Seit Jahren hatte ich den Gedanken an diese Reise gehegt. Ich war, wie Sie wissen, vierzig Jahre lang Lehrer für Mathematik. Vierzig Jahre Studenten, die nichts als groben Unfug im Kopf haben: vierzig Jahre vollgelüllte Papierkugeln, vierzig Jahre Kleister auf dem Stuhl, Abführmittel im Tintenfaß andere Teufeleien. Ab Mitte Dreißig fing ich an, vom Alleinsein zu träumen. Ich malte mir allerlei Möglichkeiten aus: Fahrten in kleinen Booten, Expeditionen ins ewige Eis. Ich trat diesem Club bei; schließlich schien es mir, daß das Ziel von Entdeckern darin liegt, dahin zu gelangen, wo noch niemand vor ihnen war. Dann, eines Tages, kam mir die Idee eines Ballons, mit dem ich alles hinter mir lassen könnte. Das war die Absicht meiner Unternehmung: irgendwohin, vielleicht für ein ganzes Jahr, wo mir all diese langweiligen Lehrer-Angelegenheiten wie Stundenpläne und dergleichen erspart bleiben würden.

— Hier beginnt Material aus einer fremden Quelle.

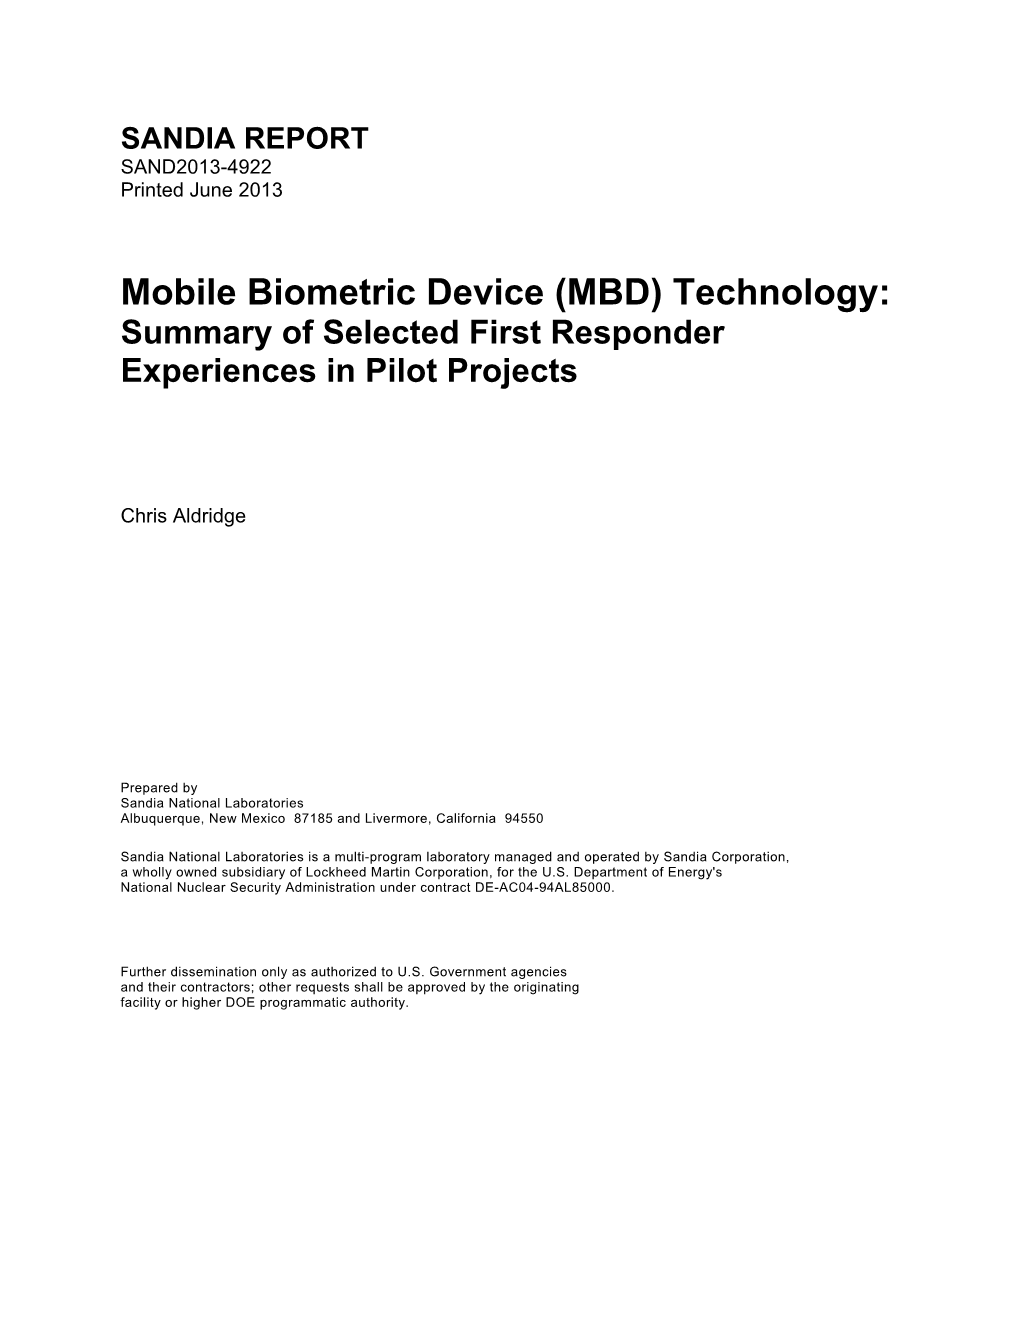 Mobile Biometric Device (MBD) Technology: Summary of Selected First Responder Experiences in Pilot Projects

Zwar ist der Ballon wohldurchdacht und durchaus - zumindest innerhalb seiner erzählerischen Vorgaben - in der Lage, ein ganzes Jahr lang das Luftmeer zu befahren, doch schlägt er in den Unbillen eines Taifuns leck und unser unheldischer Held strandet, kurz bevor er den Haien als Frühstück (eine Vokabel, die das Romanpersonal nie entschuldigen würde, solange die Wendung Hors d'œuvre zur Verfügung steht) dienen kann, in den Weiten des Stillen Ozeans auf der Insel Krakatau, am 20. August 1883 - eine Woche, bevor einer der größten vulkanischen Eruptionen der bekannten Geschichte den Namen dieser Insel dauerhaft im Gedächtnis der Nachwelt fixieren wird. Dort entdeckt Professor Sherman eine - streng geheime! - Kolonie exzentrischer amerikanischer Milliardäre, deren Reichtum sich auf die unerschöpflichen Diamantvorkommen gründen, die in den Tiefen des Vulkanschlots gefördert werden können. Natürlich muss dies ein Geheimnis blieben, denn die Flutung des Weltmarktes mit kristallinem Kohlenstoff würde die Preise stante pede zum Kollabieren bringen. So wäre der gute Professor ein Exilant auf Lebenszeit gewesen, wenn nicht ... seine Expertise als Luftschiffer das schlußendliche Überleben der Insulaner sichergestellt hätte. (Im Vorwort erwähnt Du Bois übrigens seine Überraschung und sein peinliches Berührtsein, als ihn sein Lektor auf die Parallele zu F. Scott Fitzgeralds Erzählung "The Diamond as Big as the Ritz" von 1922 hinwies. Allerdings dient der Diamant in Fitzgeralds Fall nur zur Anfachung von Gehässigkeit und Mordlust, nicht zur Entfaltung eines "culinary capitalism".) Hier findet sich übrigens eine Auswahl der an die Bilder von Edward Ardizzone erinnernden Illustrationen des Buchs.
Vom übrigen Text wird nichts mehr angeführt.